Organisers of an annual naked bike ride through the capital have hit out at Cardiff council for refusing to allow them to travel through the city’s parks in the buff.
The Cardiff World Naked Bike Ride is set to take place on Saturday, encouraging cyclists to ride through the city naked in a bold statement on road safety.
But organisers of the demonstration, now in its fifth year, say Cardiff council has refused to permit them to travel through parks on their cycling route.
They also claim the council is putting participants at risk by failing to authorise a police escort.
Cardiff council said it would “neither facilitate the event nor condone it”, saying that it did not give permission for nudity in parks.
Nick Wysoczanskyj, coordinator of the Cardiff World Naked Bike Ride, said the group would go ahead with the demonstration, despite Cardiff council’s lack of support.
But the 32-year-old, of Aberdare, said the lack of a police presence could place participants at risk when cycling along Cardiff’s busier roads.
He said: “I don’t want that day which puts a smile on everybody’s face to be marred by an incident where someone rams their way through and injures or possibly kills somebody.”
The Cardiff World Naked Bike Ride is part of a worldwide naked cycling event, which takes place in 80 cities across 17 countries.
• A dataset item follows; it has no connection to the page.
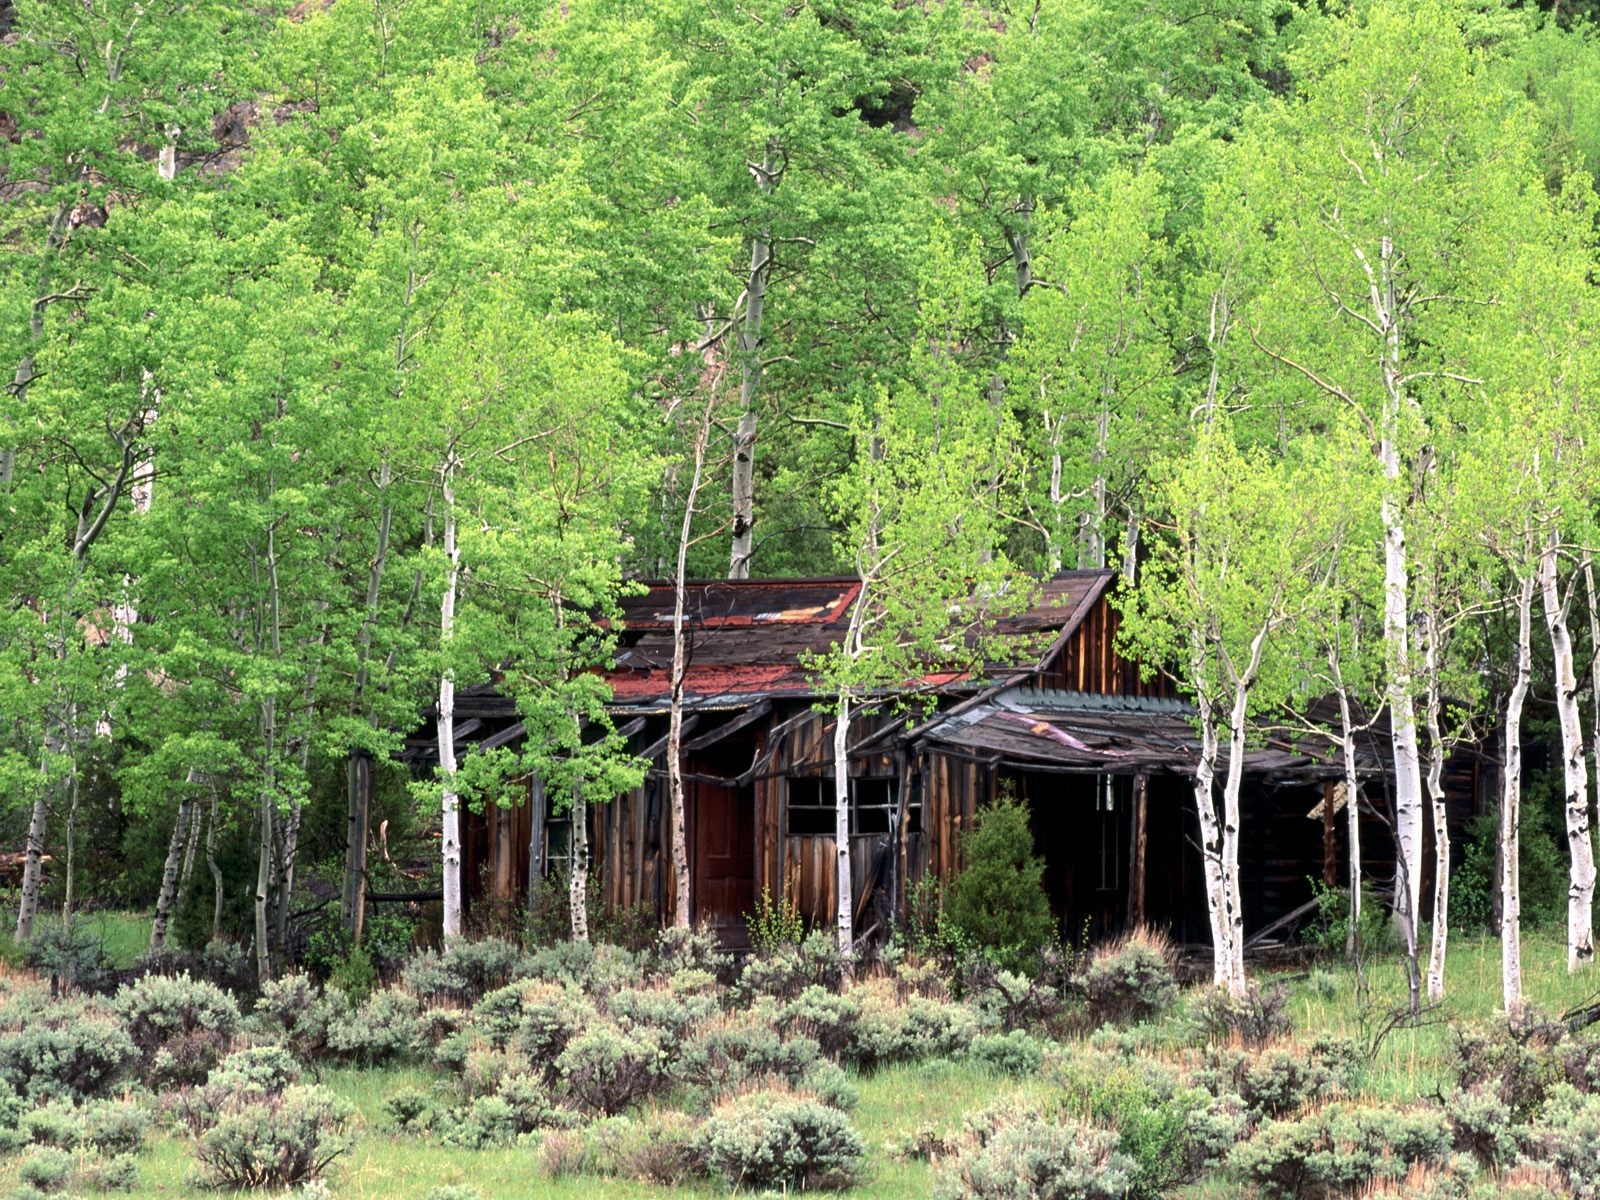 Landscape Cottage Trees Birch Abandoned Cabin Forest Shrubbery Green Shrubs 1600x1200

Many participants shed all their clothes in an effort to hammer home the message that cyclists are vulnerable to city traffic, while also promoting greener, more sustainable transport.
The Cardiff event will set off from the rear of the National Museum at about 2pm, with participants travelling nine miles across the city.
Organisers had hoped to cycle through Pontcanna Fields and Bute Park towards the end of the route to allow a disabled cyclist to take part.
The section of the route was added last year to allow a rider severely disabled in a road accident while cycling to take part in the event.
But Mr Wysoczanskyj claims that Cardiff council’s parks department has refused to grant permission for the naked cycling event to take place through the parks.
The scenery artist said a shift of responsibility for protest management from South Wales Police to Cardiff council has caused problems for the naked cycling event.
He said: “The best way to deal with demonstrations is to co-operate with the organisers, thereby minimising the disruption to the city and minimising the risk of a road traffic accident.”
A Cardiff council spokesman said: “Cardiff council does not give formal permission for nudity in parks. Although staff would only intervene in the World Public Bike Ride if a complaint is made by a member of the public, we would neither facilitate the event nor condone it.”